1. Field of the Invention
Methods and apparatuses consistent with the present invention relate to the field of variable speed wind turbines, and more particularly, to a variable speed wind turbine comprising a doubly fed induction generator (DFIG), an exciter machine, an intermediate static converter not connected to the grid and a control system to keep the doubly fed induction generator connected to the grid during a low voltage event, and a method implementing the same.
2. Description of the Related Art
In the last few years, wind power generation has increased considerably worldwide. For this reason, grid regulation companies have modified wind turbine electrical grid connection specifications in order to avoid disconnecting a wind turbine from the grid when a low voltage event or some kind of disturbance occurs in the grid. Thus, other new requirements are demanded of the wind turbines with respect to their contribution to the grid's stability when voltage disturbances occur.
Normally, when a grid fault occurs in a doubly fed system, the over-current converter protection switches-off the converter. This protection is activated because the rotor current cannot be regulated by the rotor side converter due to the short circuit which occurs in the stator side of the doubly fed generator. However, this switching disabling is not enough to protect the system because the rotor current flows thorough the converter diodes to the DC Bus circuit, increasing the DC BUS Voltage. This over voltage could damage the converter components. For this reason, the rotor is short circuited and the stator of the generator is disconnected from the grid. This type of control has been implemented in doubly fed wind turbine systems until recently. However, the growth of wind power generation is forcing the creation of new grid code specifications, so the wind power generation must adapt to these new requirements. These requirements are focused on two main points: no disconnection of the wind turbine from the grid and the wind turbine's contribution to the grid stability.

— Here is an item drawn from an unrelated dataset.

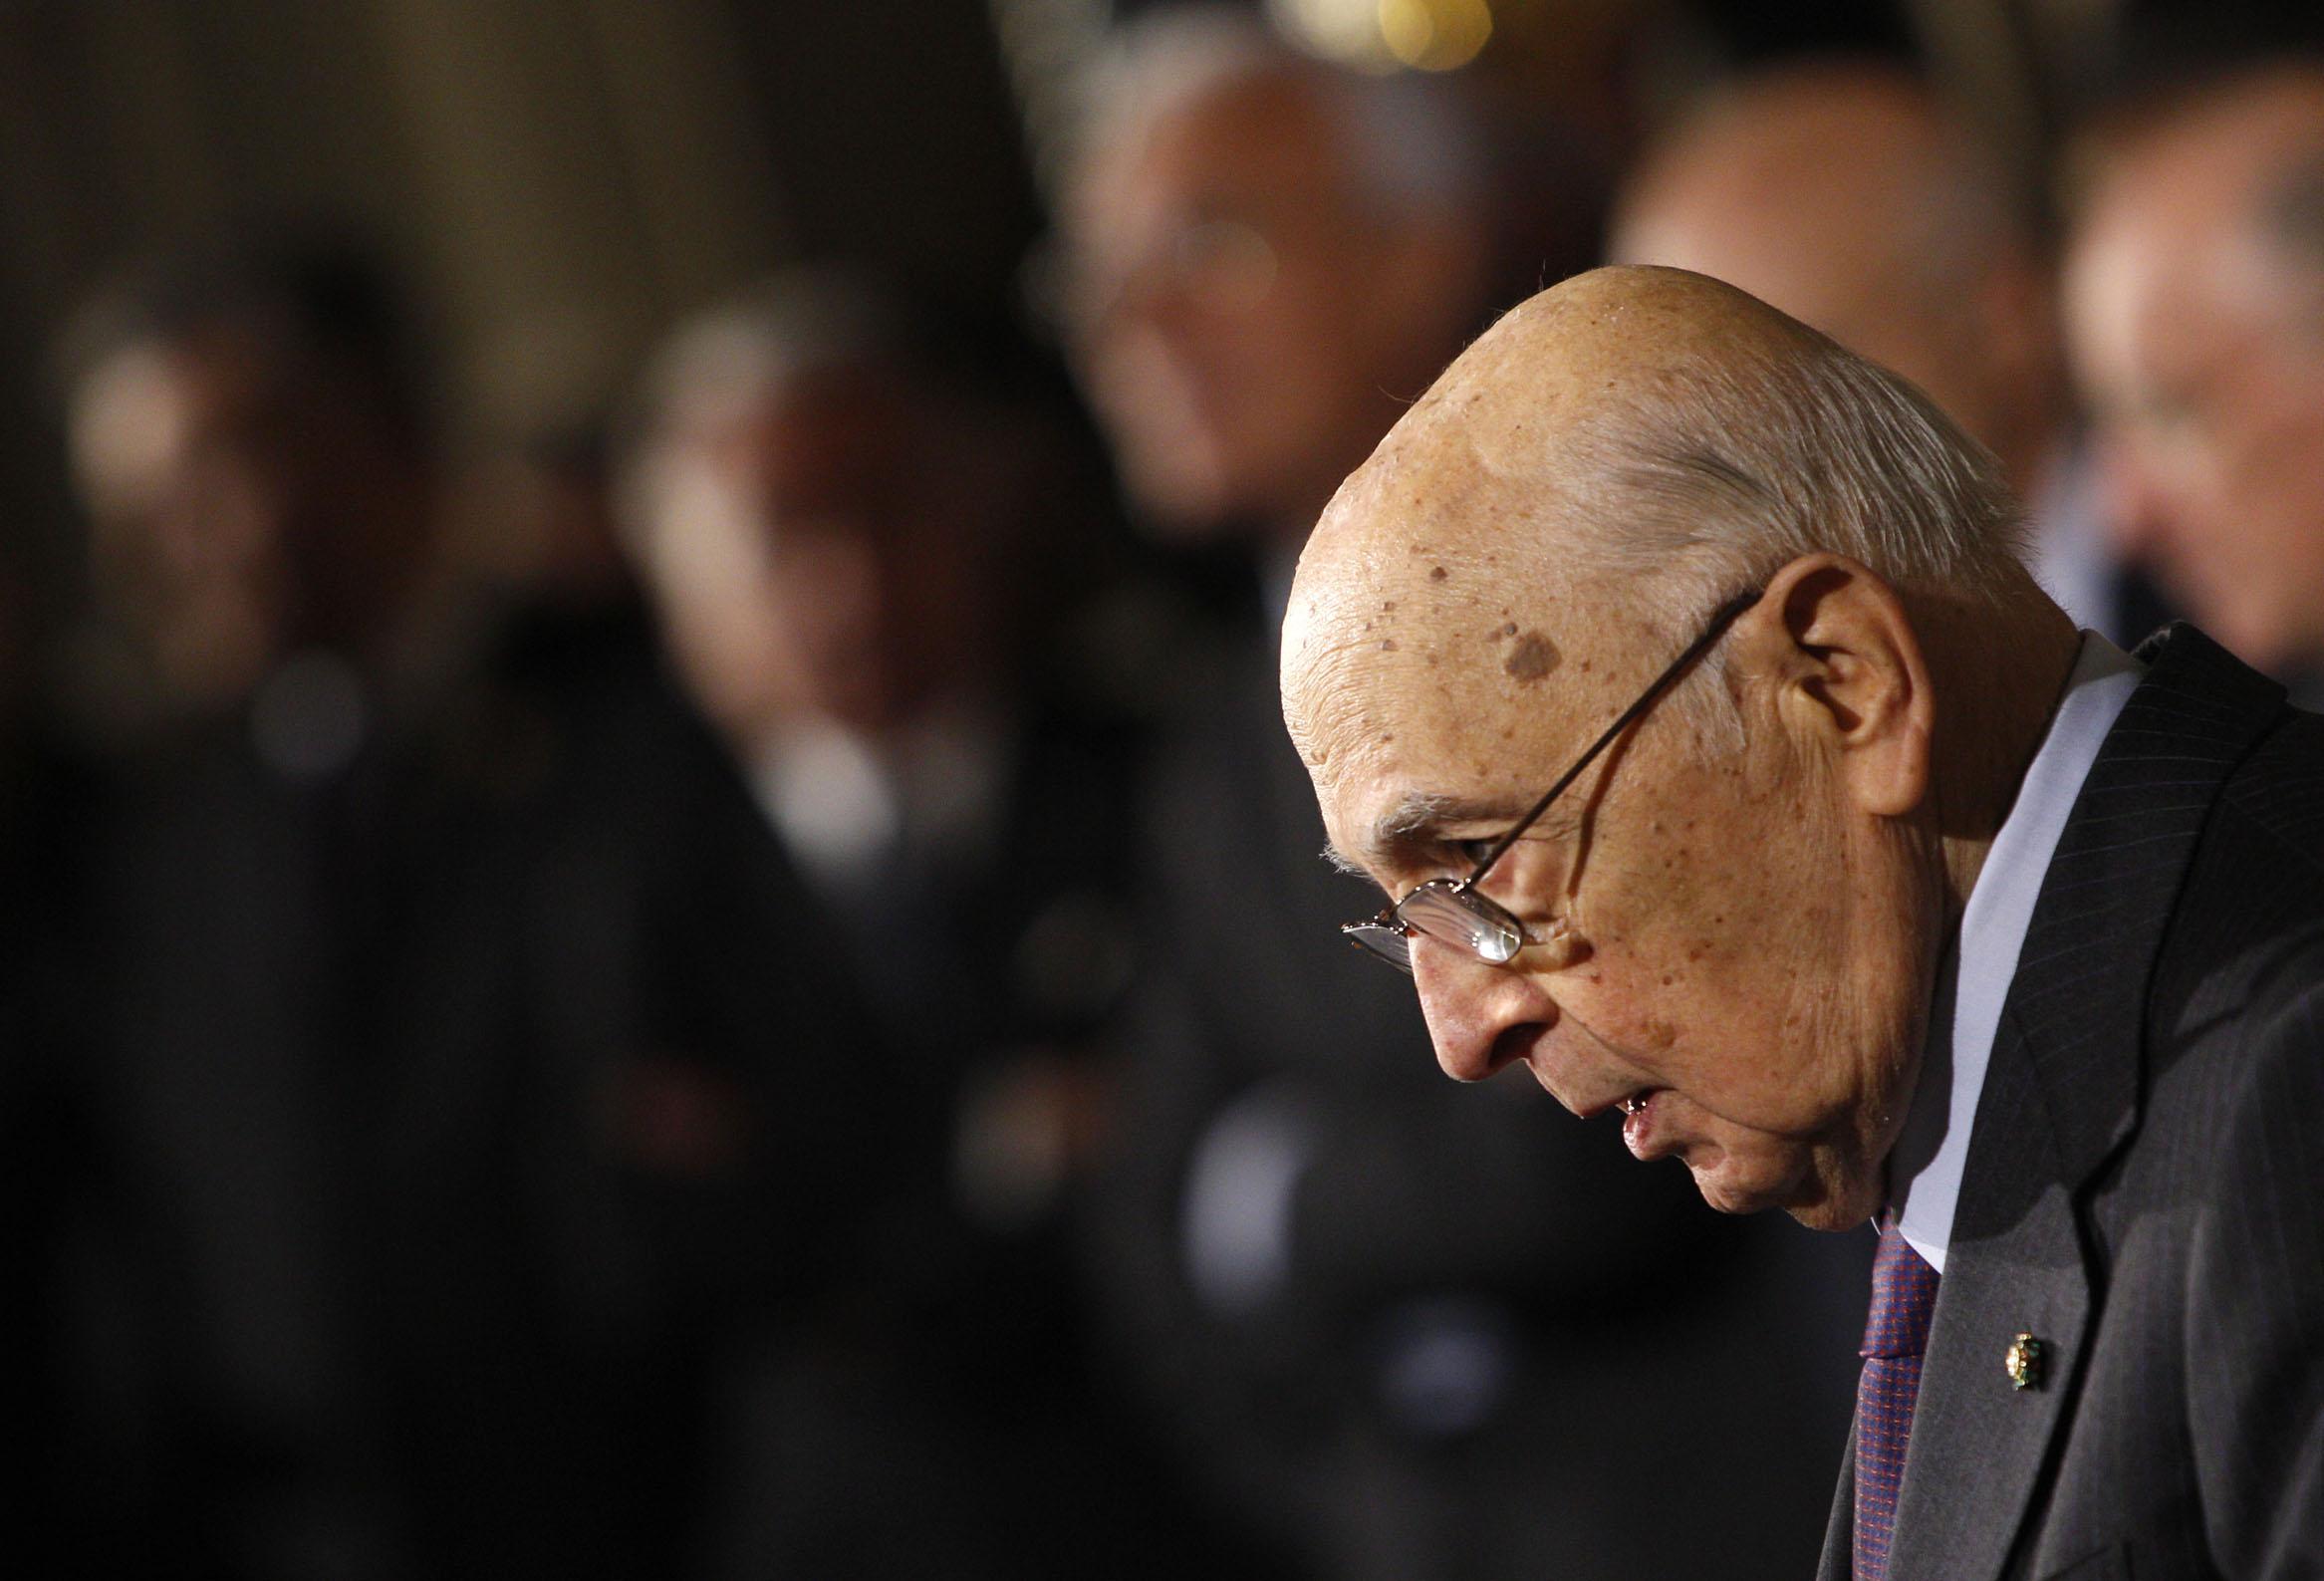 """Stato – Mafia, Napolitano ascoltato per tre ore: """"La Mafia ricattò lo Stato ma io non so nulla su presunti accordi"""""""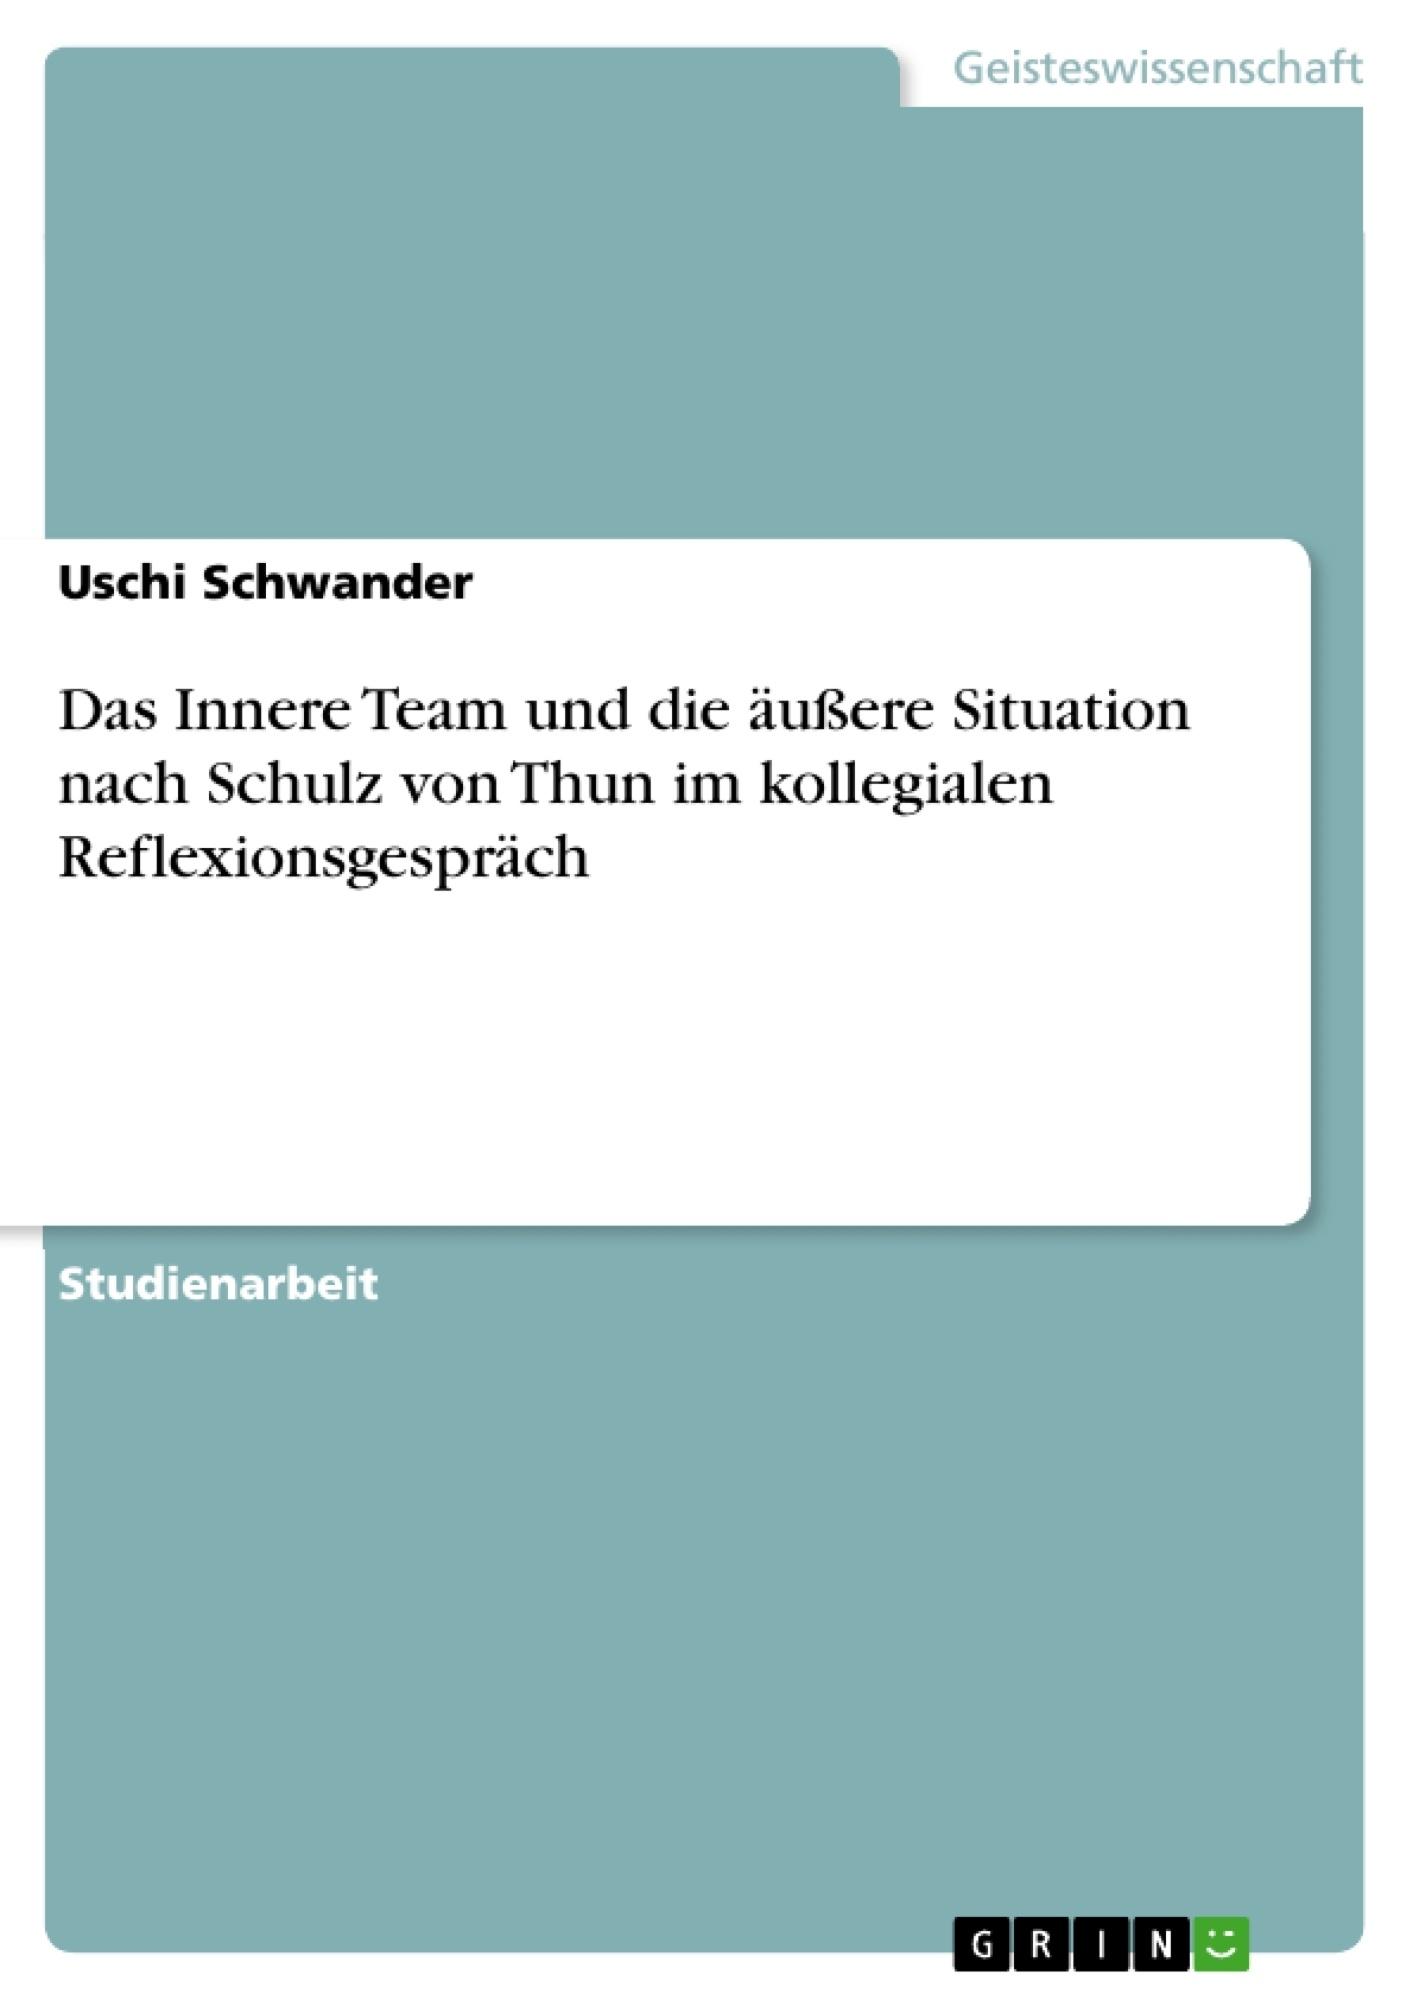 Titel: Das Innere Team und die äußere Situation nach Schulz von Thun im kollegialen Reflexionsgespräch

Many solutions have been developed by the different wind turbine manufacturers in order to satisfy the new grid code requirements. Some of these solutions are described in the following documents:                U.S. Pat. No. 6,921,985: This document shows a block diagram where the inverter is coupled to the grid. An external element from the converter like a crowbar circuit is coupled with the output of the rotor of the generator. This crowbar circuit operates to shunt the current from the rotor of the generator in order to protect the power converter when a grid fault happens and to keep the system connected to the grid.        US 2006/016388 A1 This document shows a block diagram where the inverter is coupled to the grid. An external element from the converter like a crowbar circuit is connected to the rotor of the generator. This crowbar circuit is used to electrically decouple the converter from the rotor windings when a low voltage event occurs.        U.S. Pat. No. 7,102,247: This document shows two block diagrams with different configurations. Both of them show a converter connected to the grid (V1, V2, and V3). Two external elements are connected in order to maintain the system connection to the grid when a grid fault occurs. In this document, a crowbar circuit with resistance is shown and some extra elements are included in the BUS system. These additional elements are activated when a grid fault occurs.        WO 2004/098261: This document shows a block diagram where a converter is connected to the grid. This document shows the crowbar circuit connected to the BUS system. This crowbar circuit is activated when the BUS voltage rises after a low voltage event.        
However, every solution developed and described in these documents and in other documents such as WO2004/040748A1 or WO2004/070936A1 has a common feature: all the solutions include power electronic converters directly connected to the grid. This feature is the source of a very important issue when a transient voltage occurs in the grid. As will be explained, this grid side converter presents a functional limitation when a fault occurs, because the grid side converter is going to operate with a reduced grid voltage (depending on the grid fault), so its energy evacuation capacity is reduced. Currently, when a grid fault occurs, the generator demagnetizing energy is sent to the BUS and due to the grid side converter limitation, the BUS voltage rises and could damage converter components. For this reason, these solutions include some extra elements connected mainly to the rotor or BUS system. These extra elements absorb the generator demagnetizing energy when a grid fault occurs in order to keep the wind turbine connected to the grid and, thus, satisfy the new grid code specifications. All these elements are normally formed from a combination of passive elements, like resistors, and active elements, like switches.
In these types of solutions, every disturbance or fluctuation occurring in the grid directly affects the grid side converter, so its current limitation implies that the performance of the wind turbine during a grid fault is not completely optimized.